-- Dataset entries --
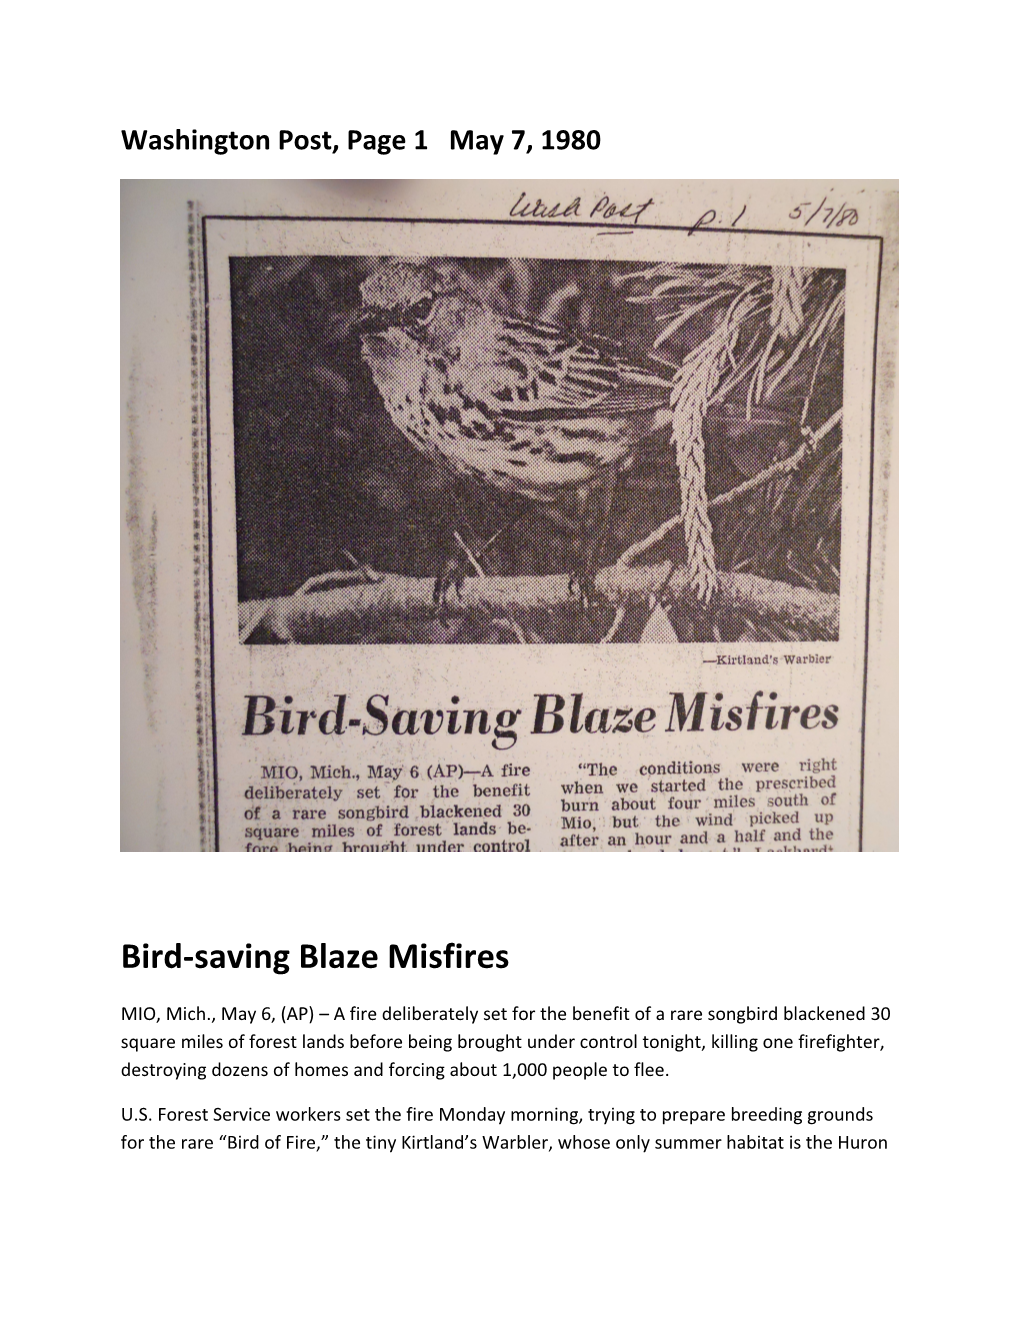 Bird-Saving Blaze Misfires
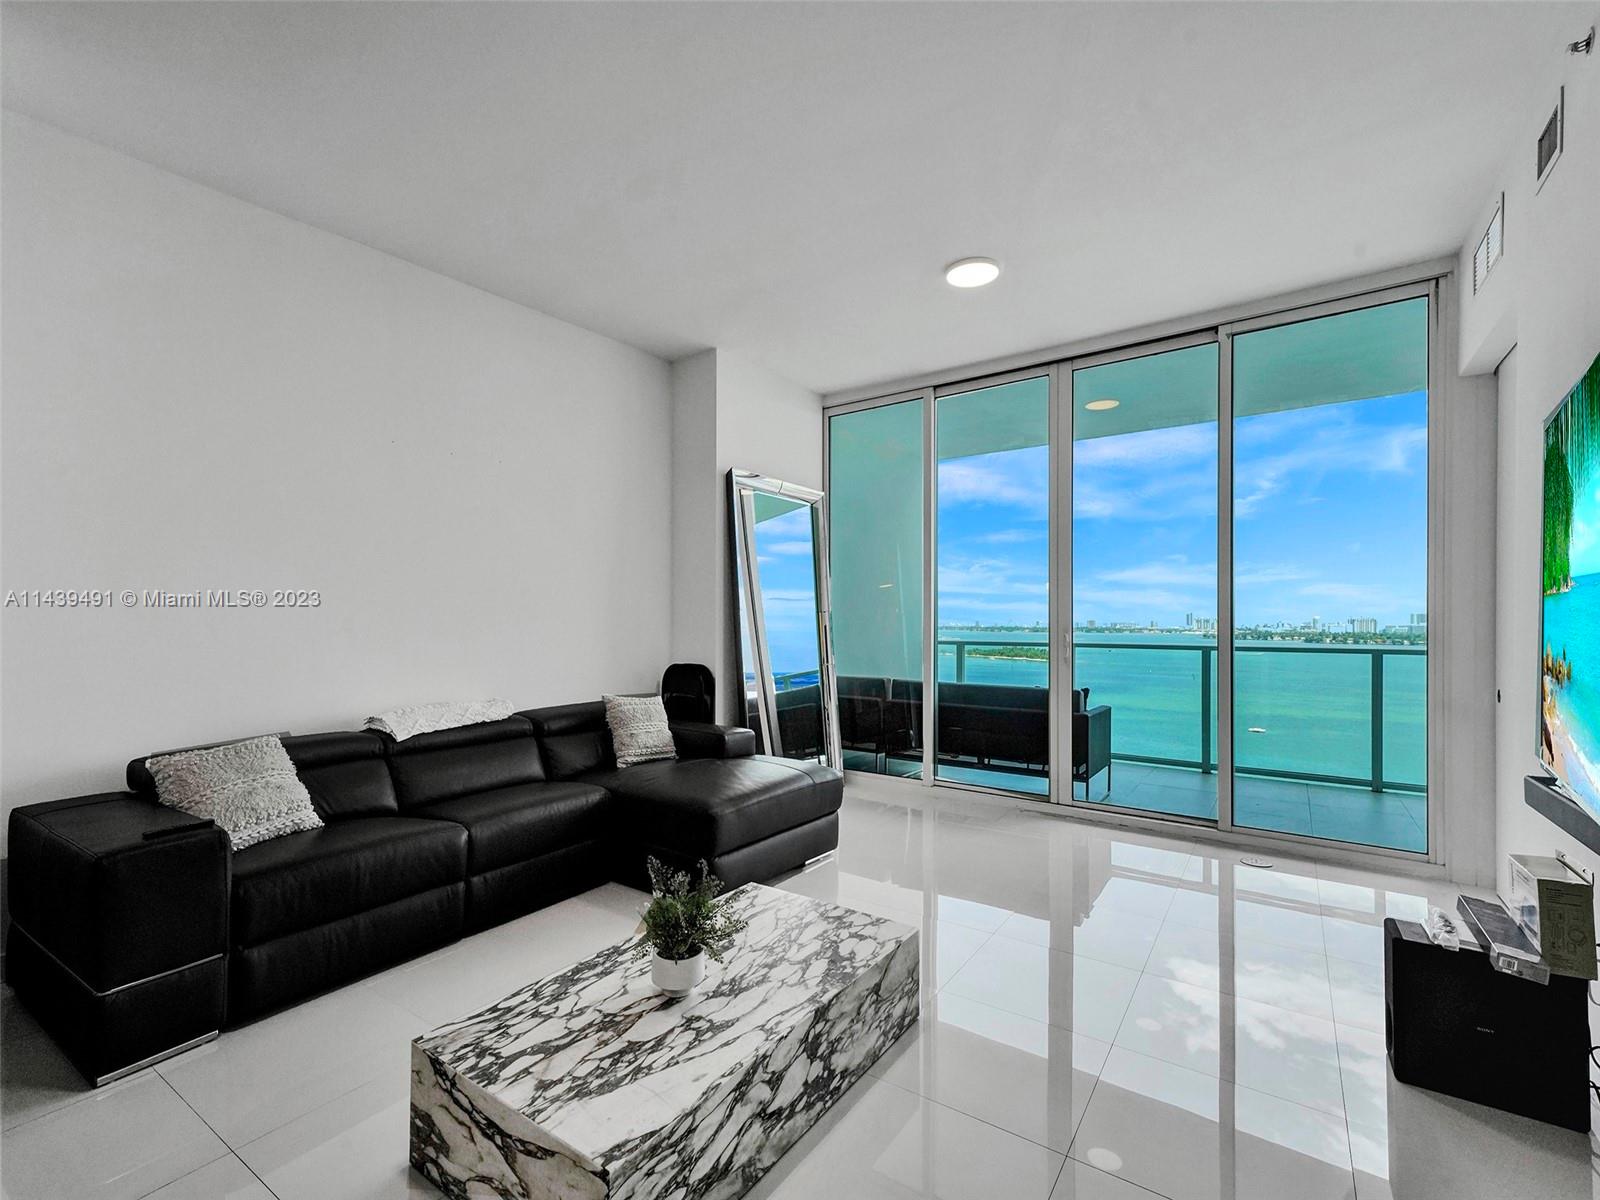 Property for Sale at 2020 N Bayshore Dr 1509, Miami, Broward County, Florida - Bedrooms: 2 
Bathrooms: 2  - $1,244,999
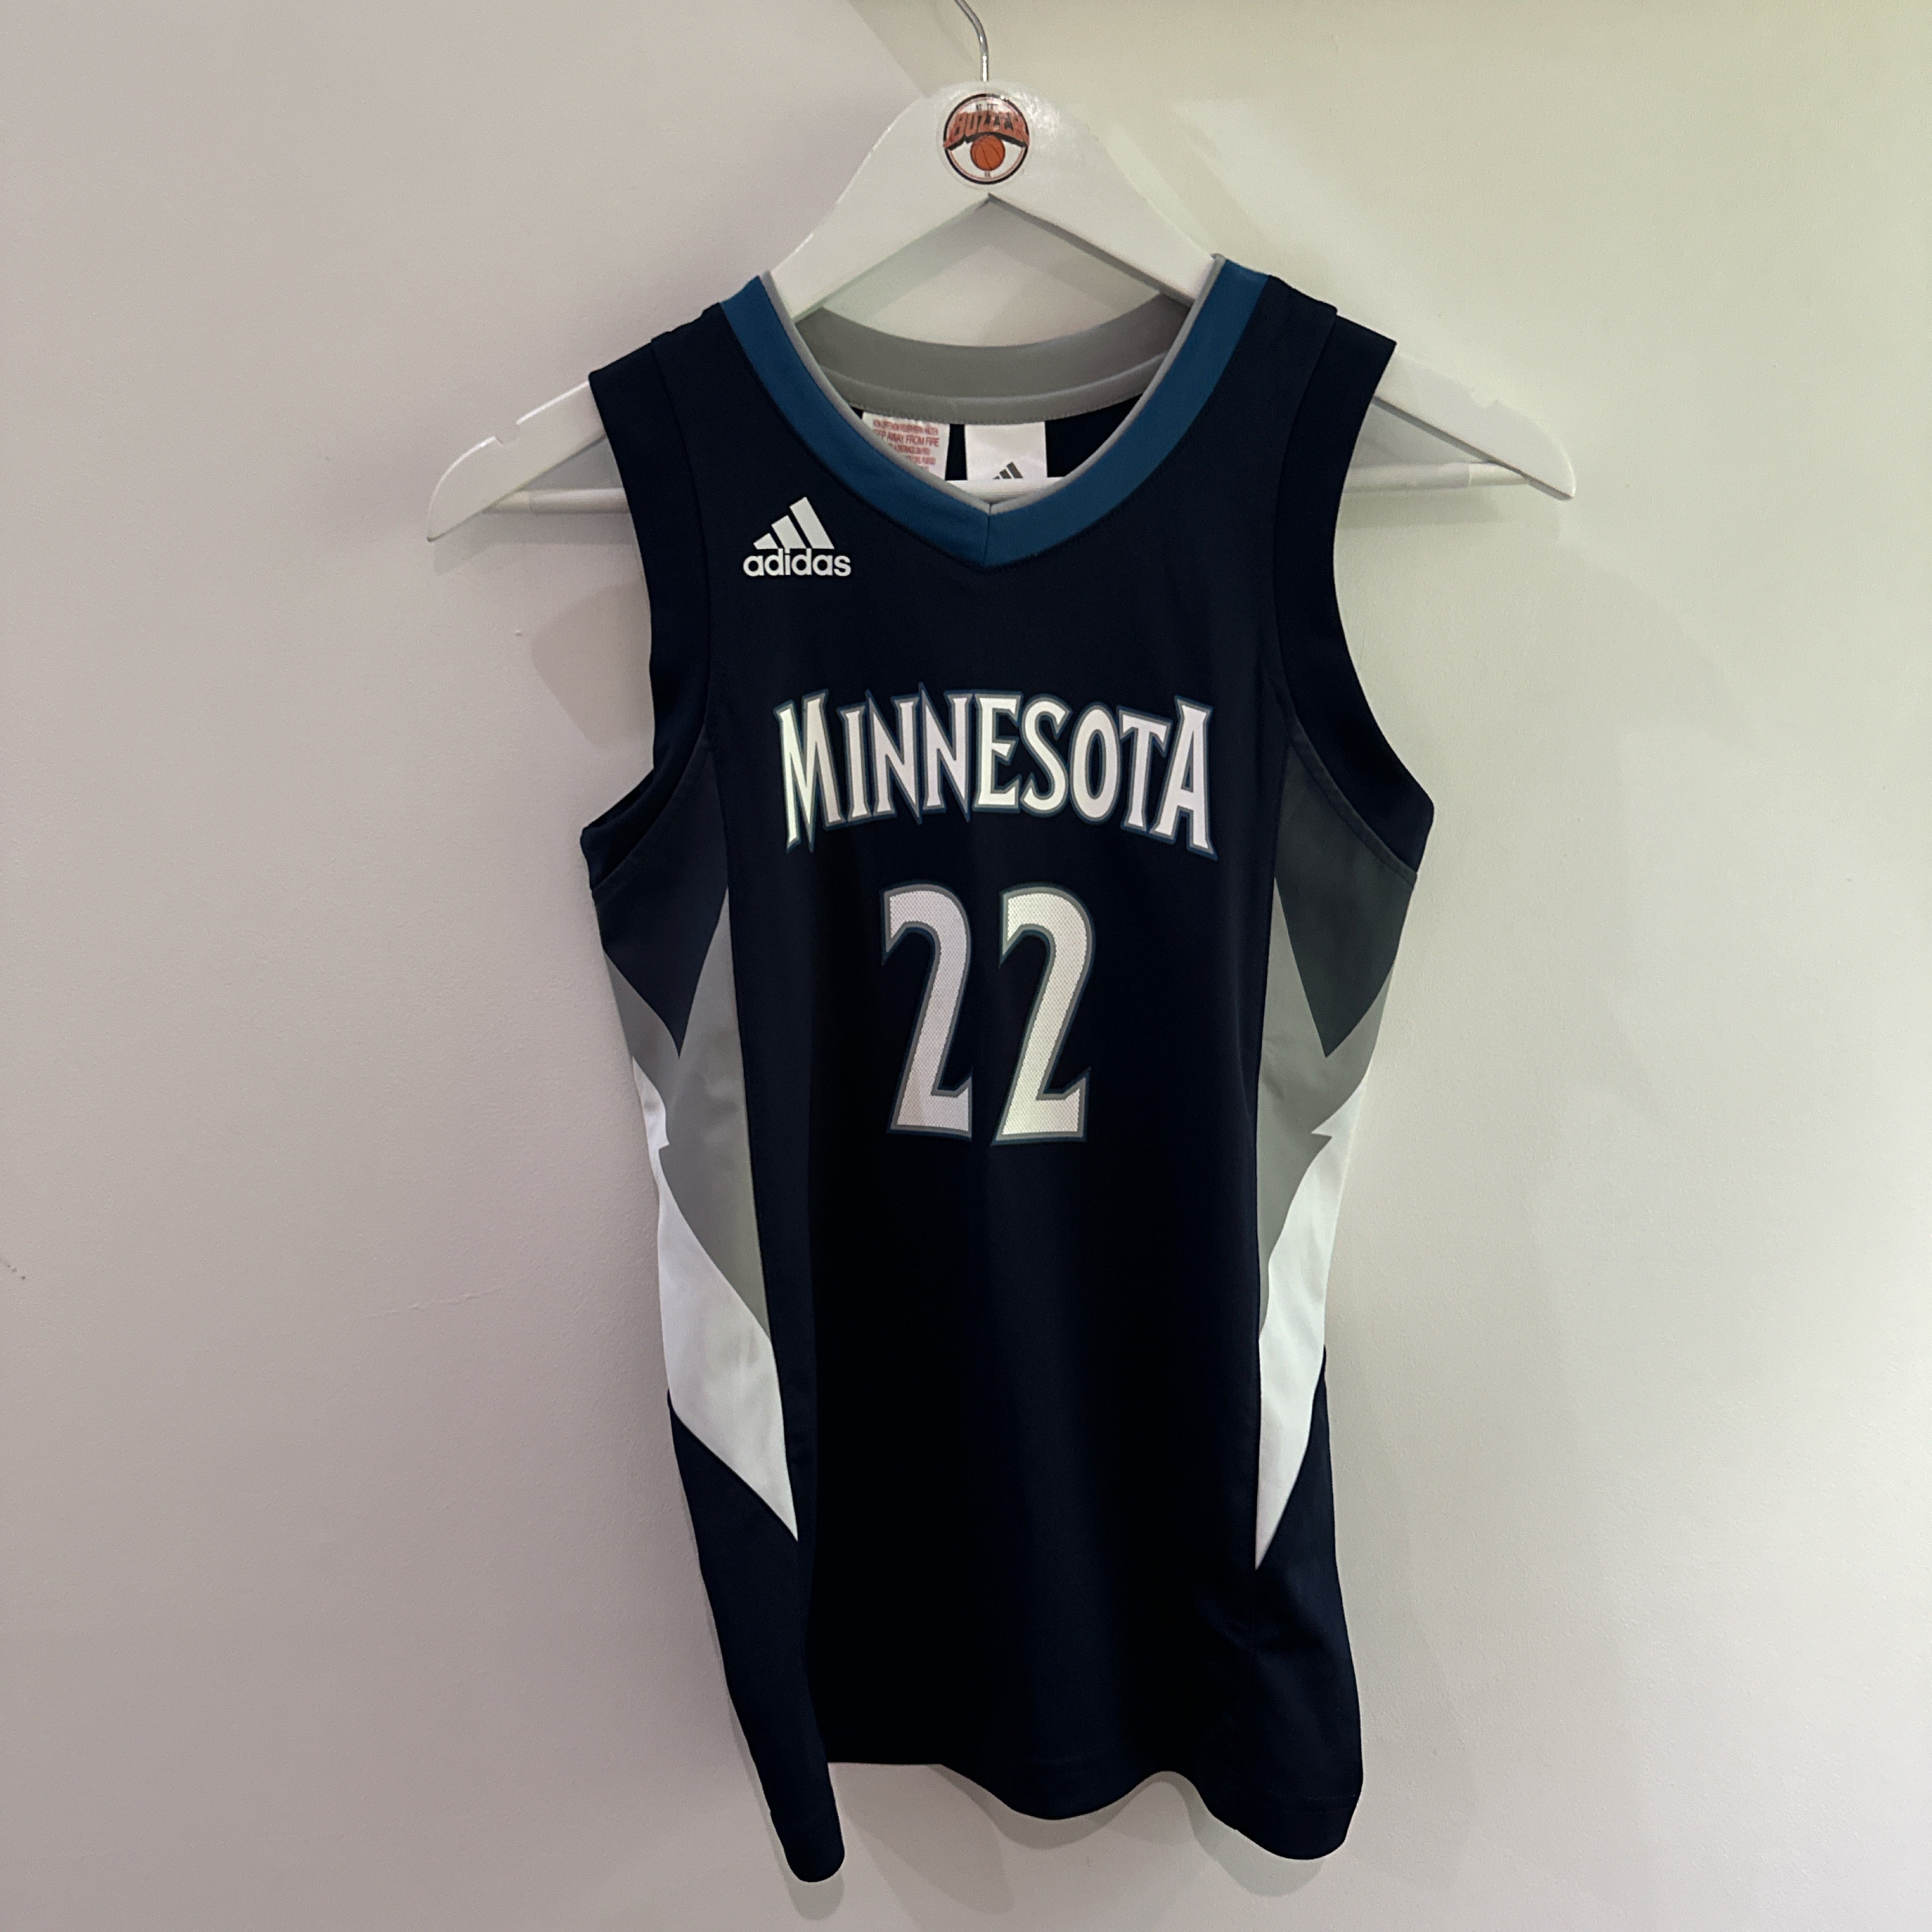 Minnesota Timberwolves Andrew Wiggins jersey & shorts - Youth Small
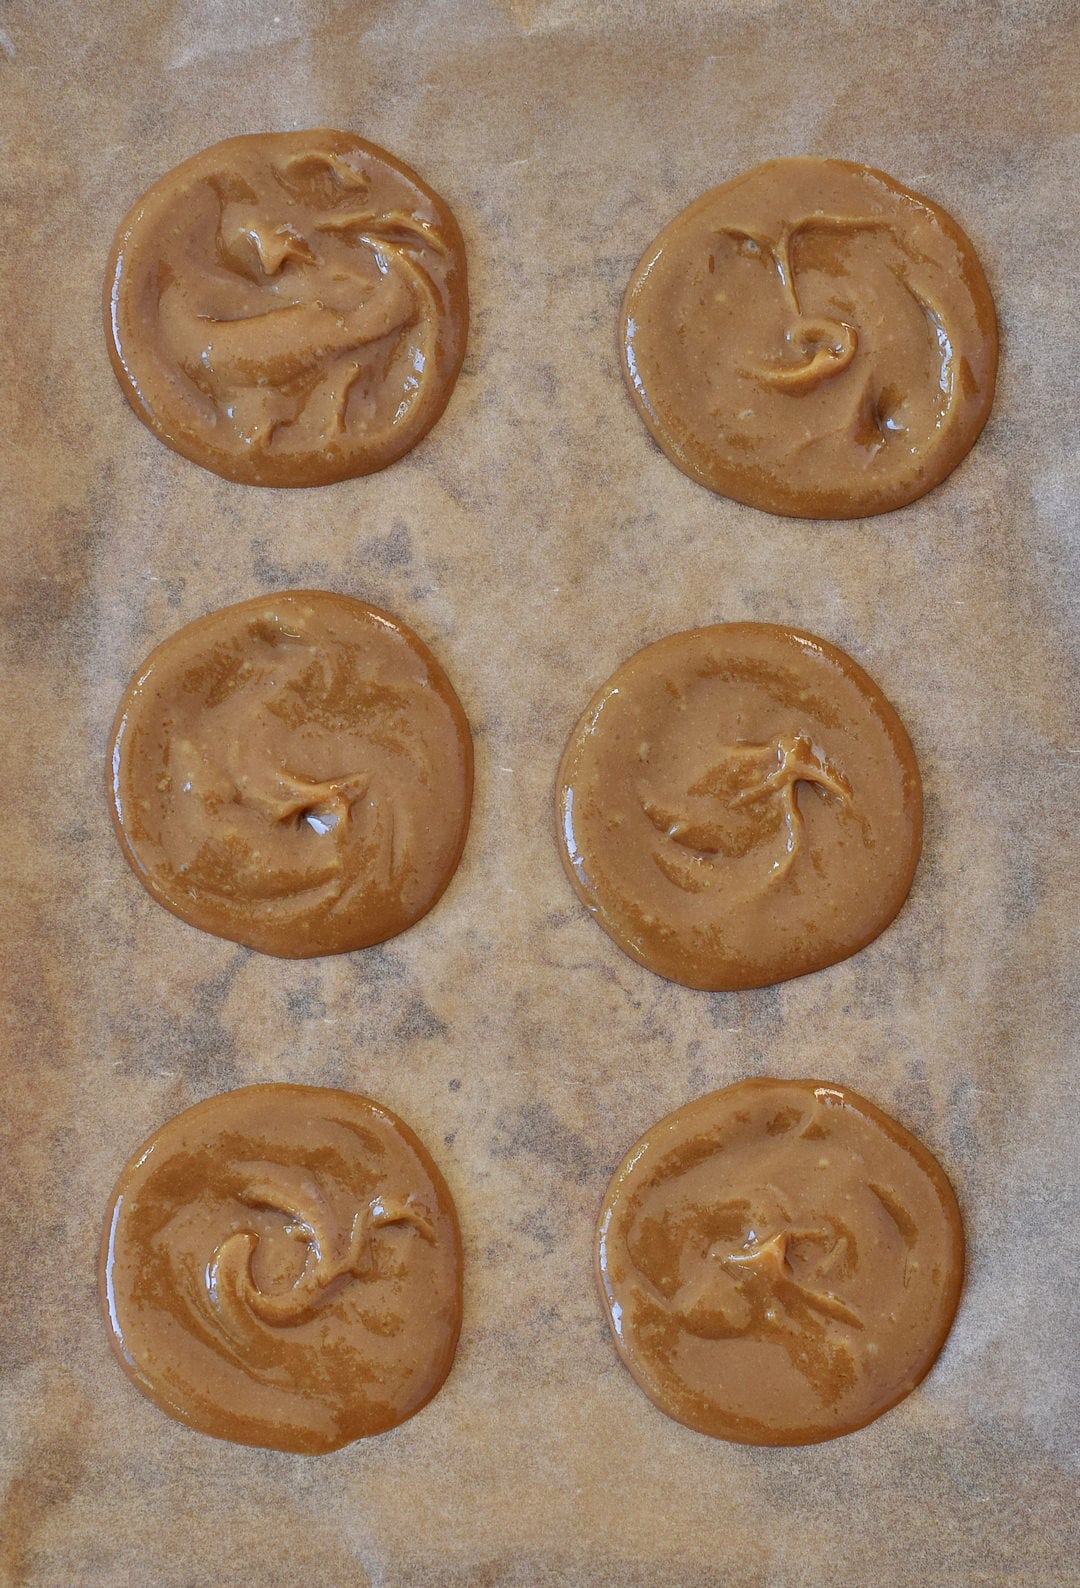 Caramel dollops to be frozen to make stuffed chocolate pancakes

-- Instructions for the task --
Lines before the one containing "Property for Sale" are not wanted; write out that line and every later line through the end of the data above, exactly, without pictures.

-- Solution for this problem --
 Property for Sale at 2020 N Bayshore Dr 1509, Miami, Broward County, Florida - Bedrooms: 2 
Bathrooms: 2  - $1,244,999
 Minnesota Timberwolves Andrew Wiggins jersey & shorts - Youth Small
 Caramel dollops to be frozen to make stuffed chocolate pancakes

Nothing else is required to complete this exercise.